Aside from the significant victory for women’s rights (delivered by grassroots women’s organisations like For Women Scotland and Woman’s Place UK along with policy analysts Murray Blackburn Mackenzie) and unless perhaps you are a supporter of Scottish independence (I am not)
the other story here is: what will Labour’s Keir Starmer, Anas Sarwar and Mark Drakeford do now?
Like it or not they are all up to their necks in gender identity politics in similar ways to Sturgeon and all are publicly committed to gender recognition reform along the lines of the SNP’s GRR Bill. The commentariat are spinning the line that the departure of Sturgeon is a good thing for Labour and in one sense they are right but for the wrong reasons. They are after all the same set of establishment hacks regurgitating Saint Nicola’s version of her departure with only passing comment on the impact of GRR Bill debacle. So while in the short term at least it is the latter that will aid Labour in the polls, they are unable to acknowledge this because it is their policy as much as it is the SNP’s.
How this will play out in Labour in the coming months is not easy to predict. There are only a small number of prominent figures in Labour standing up for women’s rights against unrestricted gender self-declaration, and this side of a general election there is unlikely to be much incentive for the leaderships in England, Scotland & Wales to change course. Normally we could expect the left in the party to head opposition to publicly unpopular reactionary policies pushed by the likes of Starmer but what now passes for the grassroots Labour left, including the supine rump that is Momentum, has been comprehensively captured by gender identity ideology, elected officials and staff alike.
Indeed Momentum is so blinded by misogynist identity politics that it has led the witch-hunt against socialist feminists like Ann Henderson and Naomi Wimborne-Idrissi, in the latter case effectively enabling Starmer’s efforts to purge her from the party for daring to be a pro-Corbyn pro-Palestine Jew. And the Socialist Campaign Group of MPs have been little better. Those who don’t simply chant the post-modern mantras like “Transwomen Are Women” prefer to remain meekly silent – though in fairness, they have largely remained silent on a number of significant left issues, like NATO’s proxy war in Ukraine and the wholesale expulsion of Jewish socialists from the party, when told to “wheesht” by Starmer.

However politicians and activists alike cannot avoid running into material reality for much longer.
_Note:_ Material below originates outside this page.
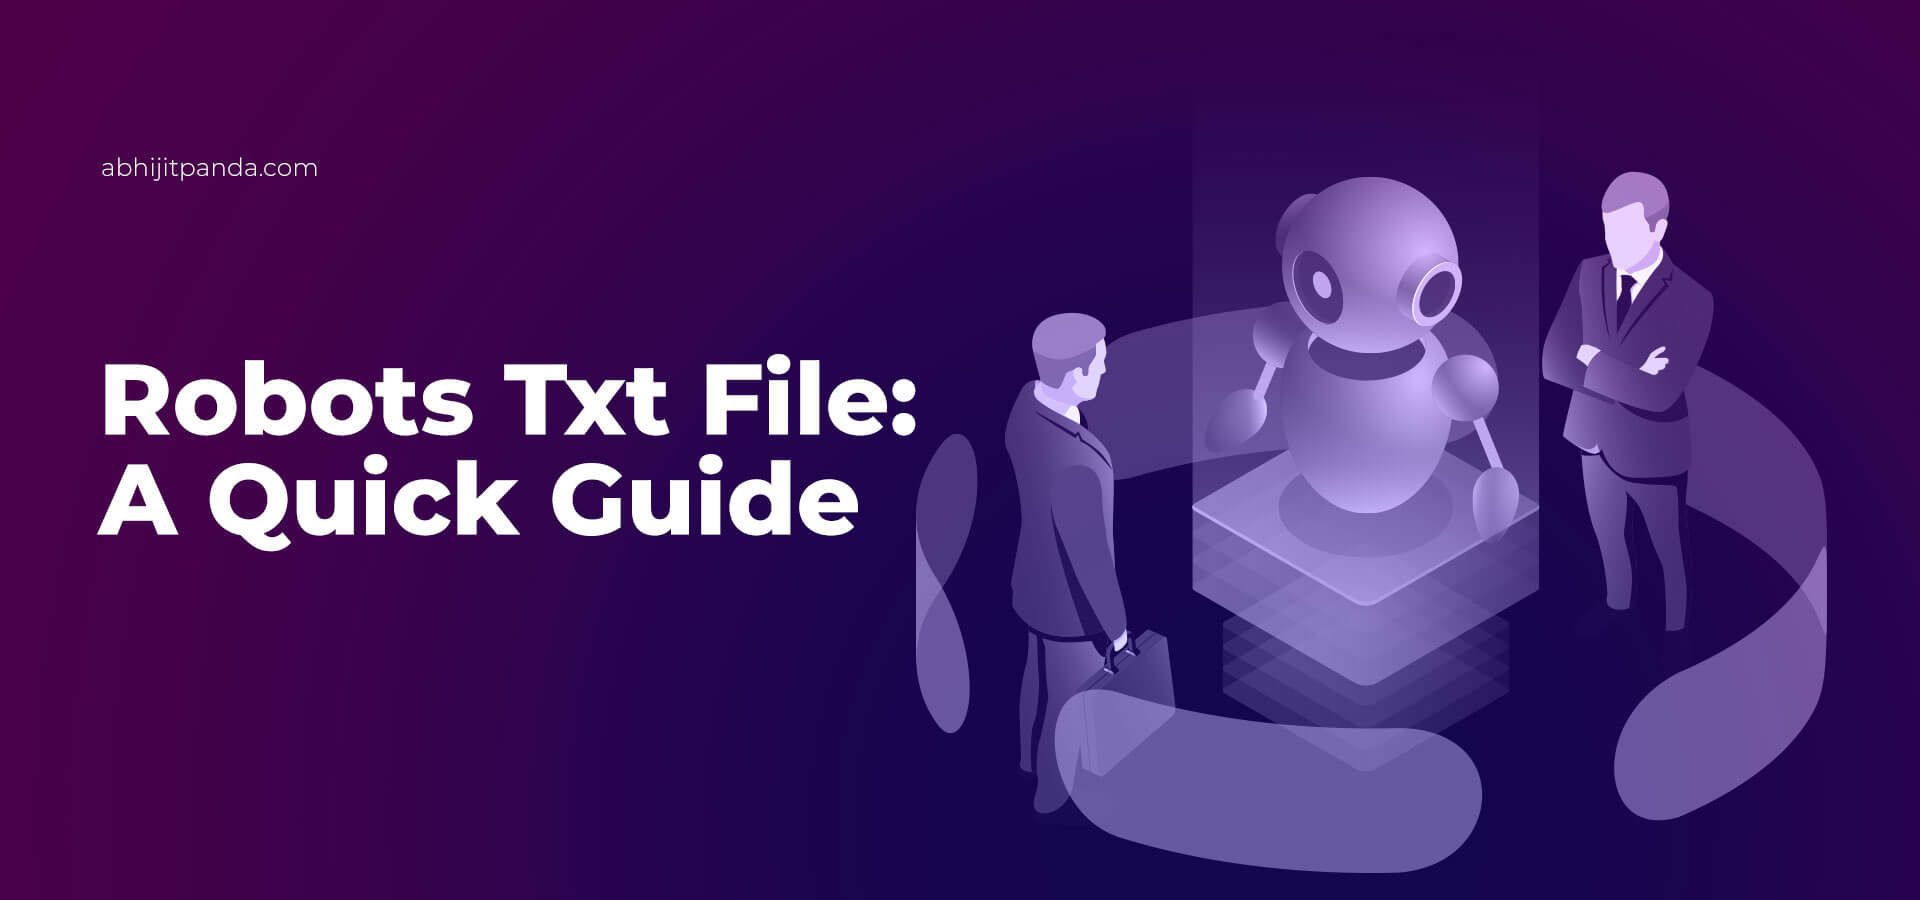 Robots Txt File Guide

Just as the Tories have found that grossly further enriching the wealthy elite at the expense of working people provokes a huge wave of militant strike action, there are stories breaking regularly about the oppression and exploitation of women that will have particular impact on the left – for example the expose of how “Women working at transport union TSSA were subjected to sexual assaults, humiliation, violent and disrespectful language over many years.”

Click here to read the Morning Star article about TSSA
…and revelations of institutional misogyny, racism & bullying at the London Fire Brigade…
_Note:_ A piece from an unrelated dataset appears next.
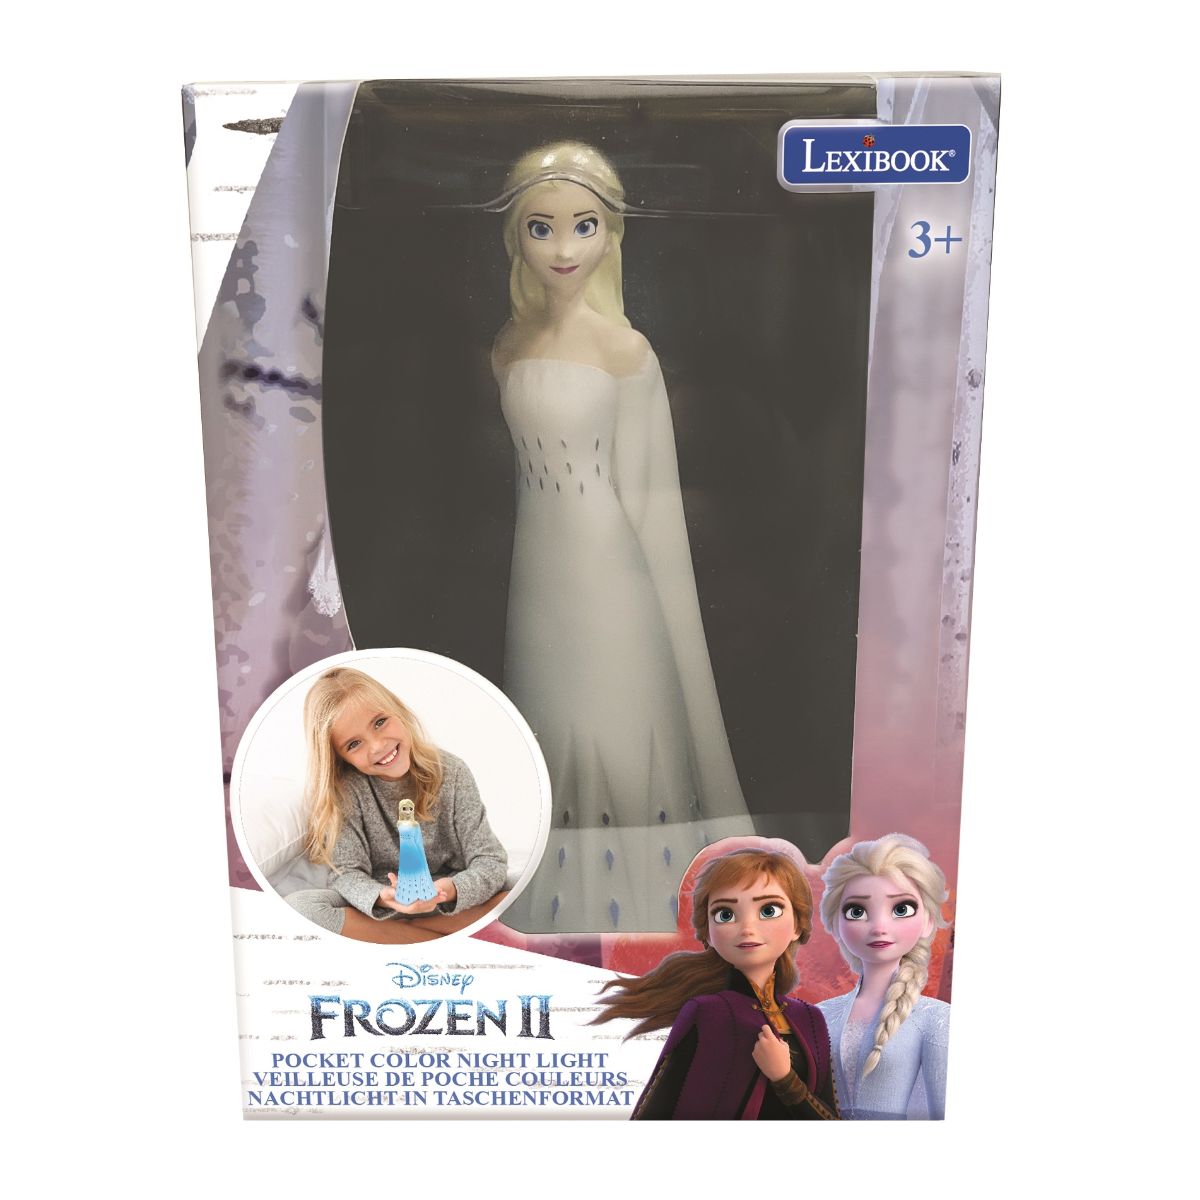 Lampa 3D, Lexibook, cu efecte luminoase, Disney Frozen, 13 cm Lexibook imagine noua

Click here to read the Guardian article about the London Fire Brigade
One of the main reasons for these stories breaking is that women in the workplace are refusing to stay silent or be ignored any longer, and this will inevitably have a broader political expression both in our trade unions and in the Labour Party. Indeed as the leadership of the women’s liberation campaign Woman’s Place UK are rooted in the labour movement and socialist left, they are well placed to unite women’s voices so that they can no longer be ignored by those on the left, particularly in Labour, who have sought to silence them. As I said in my previous previous on Kay’s blog, now is the time to stand alongside in support of our sisters as they raise their voices.